There is the The Fluidic Gramophone, with a fluidic amplifier.

There is the The Flamephone, a unique combination of flame loudspeaker and gramophone.

There is the Hot-Air Engined Gramophone.

There is the Dual Horn Compressed-Air Auxetophone.

You will find other strange gramophones below.


The most obvious feature of a gramophone is its horn, though I will qualify that at once by saying there are gramophones with the horn contained in the cabinet and invisble. An acoustic horn acts like a transformer, matching the impedance at the soundbox with the impedance of the air. Horns have a definite cut-off frequency below which the output falls at 6 deciBels per octave. This is usually taken as the frequency at which a wavelength of sound equals the horn circumference, though the physics is complicated. Acoustic horns are very much alive in PA systems as they are more efficent (by up to 10dB) than normal cone loudspeakers. The bass end is however handled by cone loudspeakers because of the limited LF response of horns.

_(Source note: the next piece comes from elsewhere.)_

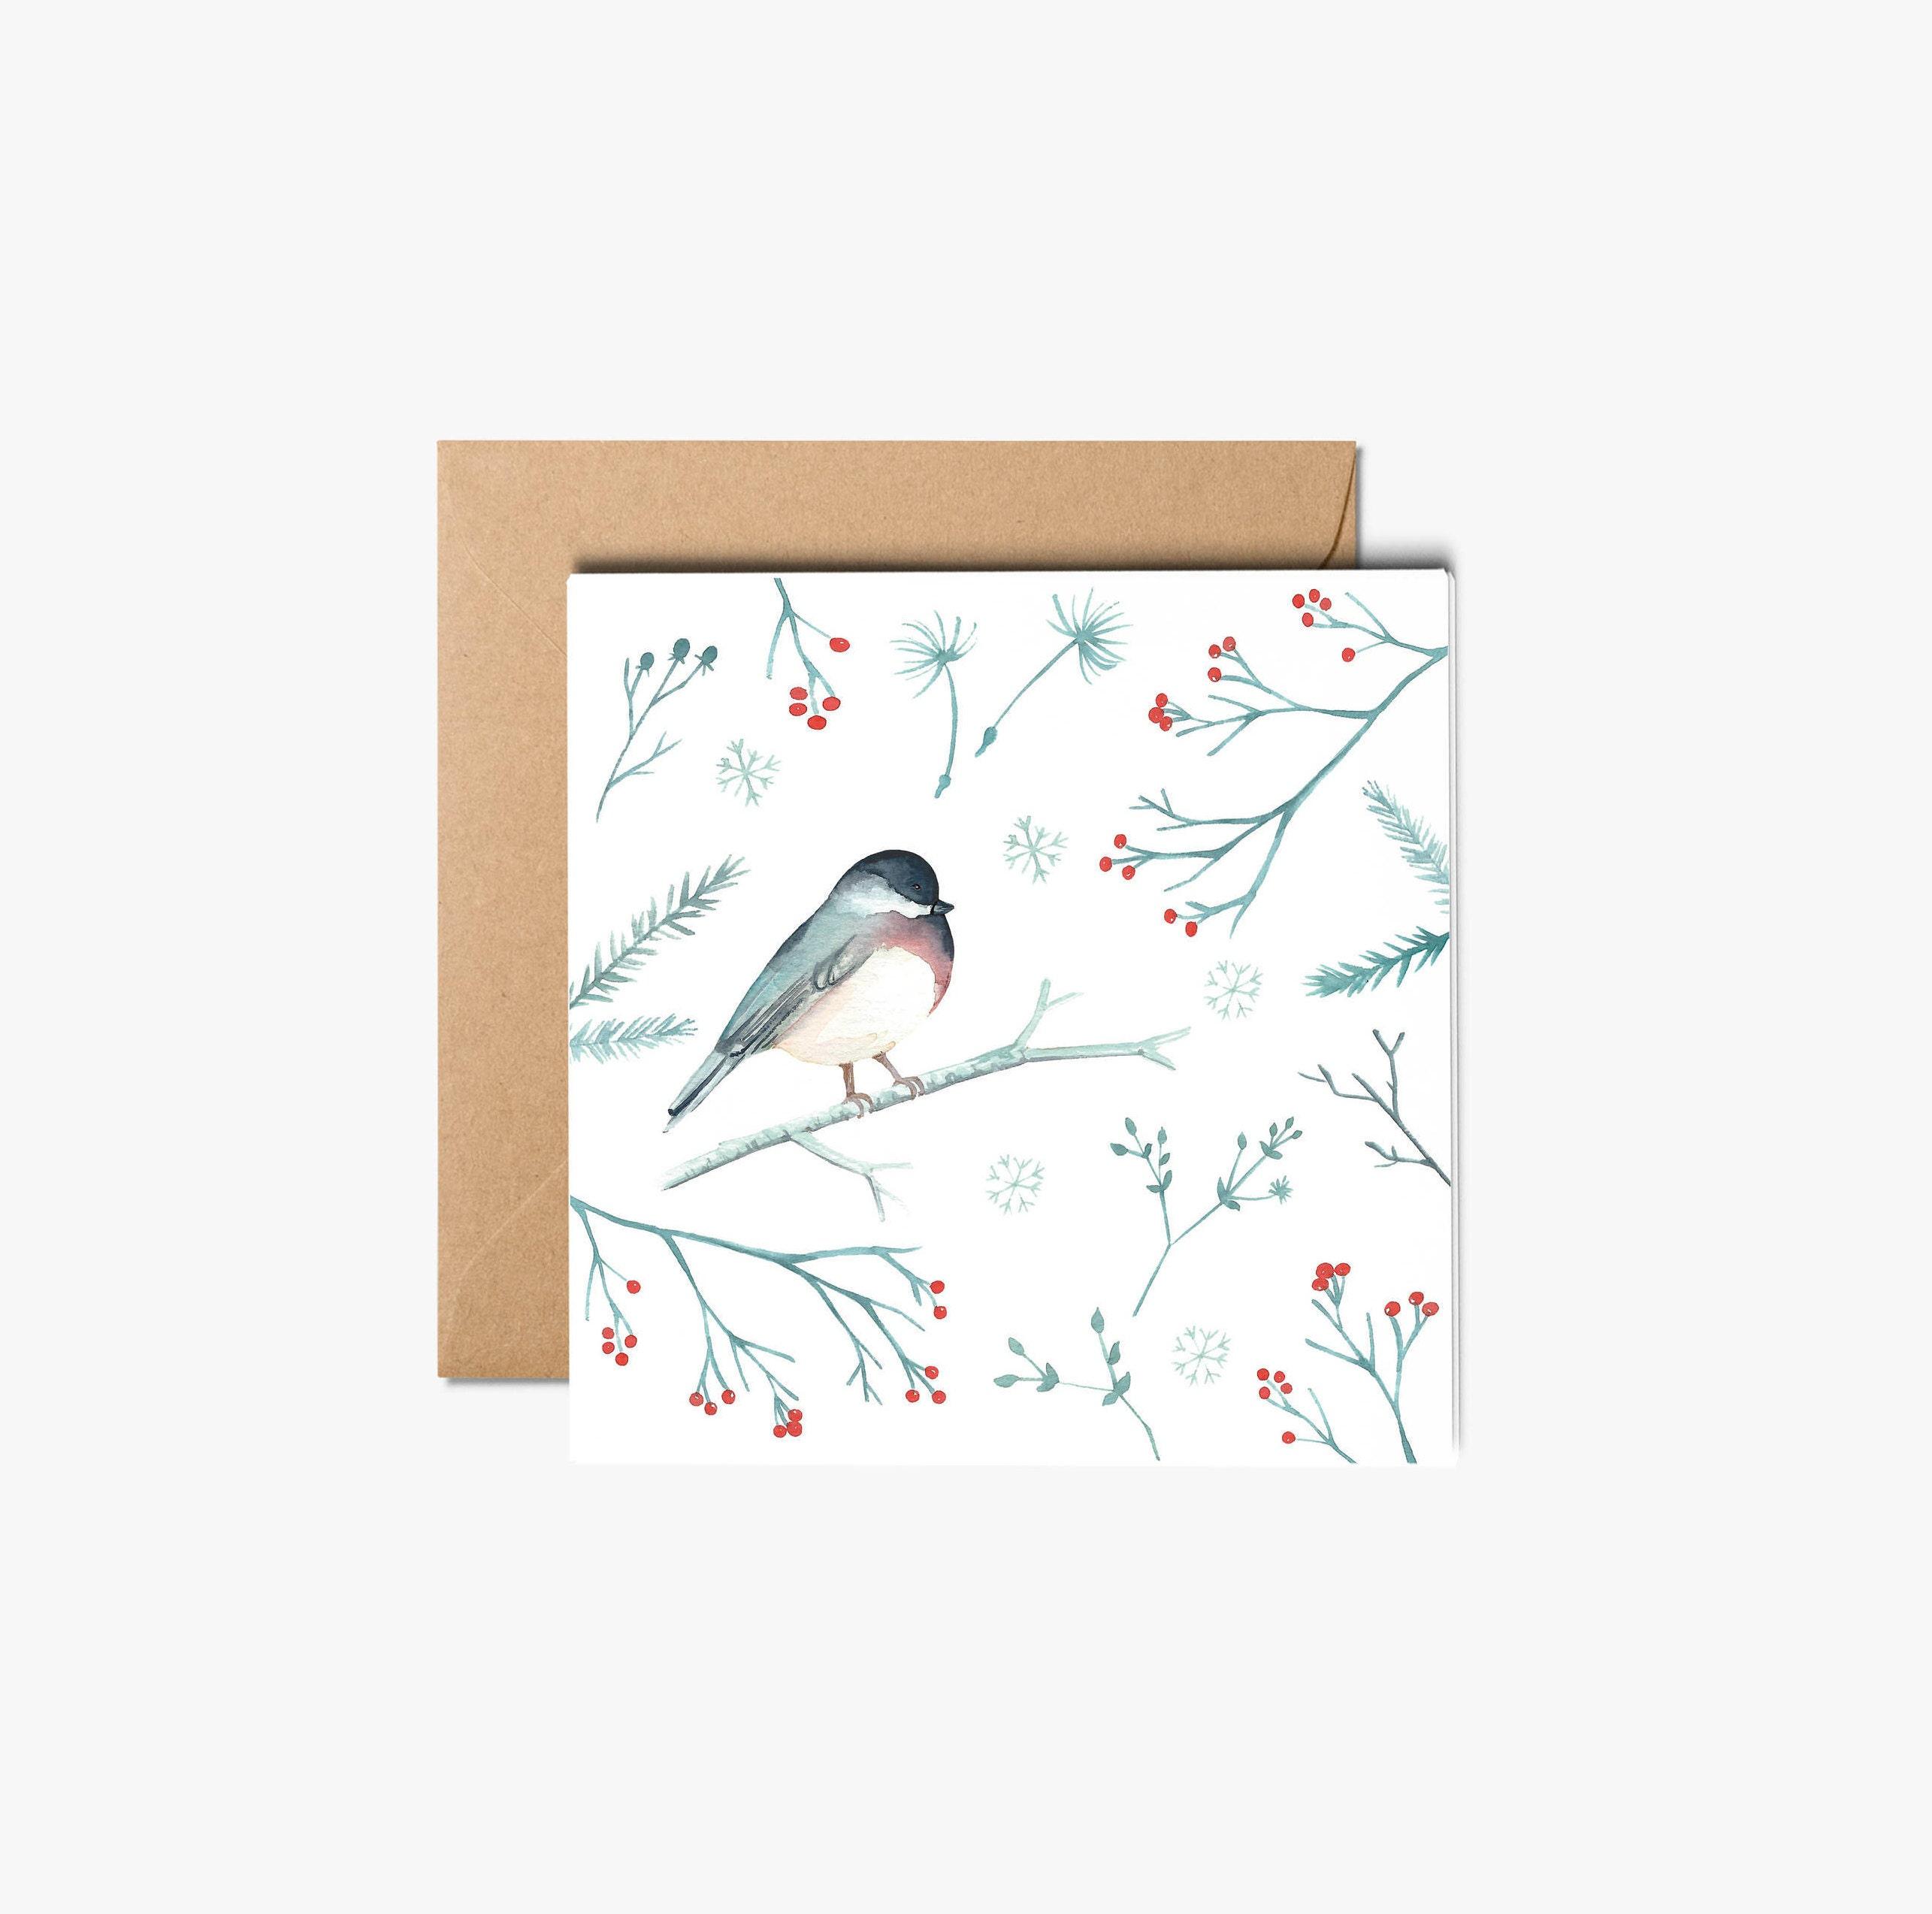 Christmas cards robin greeting card watercolor cards with envelope christmas cards robin greeting card watercolor cards with envelope holiday greeting card holiday card xmas card boxed christmas cards kristyandbryce Choice Image

The way in which the cone expands (eg conical, exponential) has an important effect on the performance. There are many variations; see Wikipedia.


Left: Gramophone with rotating lamp: 1910??

This remarkable gramophone is in the Phonograph Museum in Paris. It has an oil lamp with coloured lenses in its shade that rotates in front of the horn, which is covered with mirror segments to enhance the effect- something like a mirror ball. The lamp is rotated by a belt from the main clockwork motor; the pulley can be seen under the lamp.

You can just see a brass plate to the rear of the gramophone. It reads D.R.G.M. 334473. D.R.G.M. = Deutsches Reichsgebrauchsmuster, a German copyright designation, and 334473 is presumably the number of the copyright. Not much help in finding the manufacturer, but research continues...

There is another brass plate towards the front; this has a slot and is marked 10 PF which presumably mearns '10 Pfennigs' confirming it is a German coin-operated machine for public use.

The PHONO Museum Paris is not large, but it is packed with fascinating items, and is run by a charming couple. It is at 53 Boulevard de Rochechouart – 75009 Paris

Author's photograph. I would appreciate it if anyone can identify the manufacturer.


Left: Pathe Pathephone Reflex gramophone: 1906

This design made the horn more compact by 'folding' it; the small silver horn fires the sound at the curved reflector at the rear, and it bounces back into the room. This is also called a 'reflex' system. I assume compactness was the aim, because it certainly doesn't sound any better than a conventional gramophone. The horizontal lever at the front is the stop/start for the turntable.

You can see and hear one on YouTube.


Left: Apollo No 2 Reflex gramophone: circa 1914

This is an Apollo No 2 portable gramophone, with a folded (reflex) horn, utilising US patent 175,453. Apollo gramophones were made by Paillard, a well-known Swiss Company.

The horn has hinged covers, The overall finish is black leatherette; a carrying handle was included. Size 10" x 8".

What is not clear is how you gain access to the record to play it. The horizontal tube below the horn is presumably the tone arm, but no turntable is visible.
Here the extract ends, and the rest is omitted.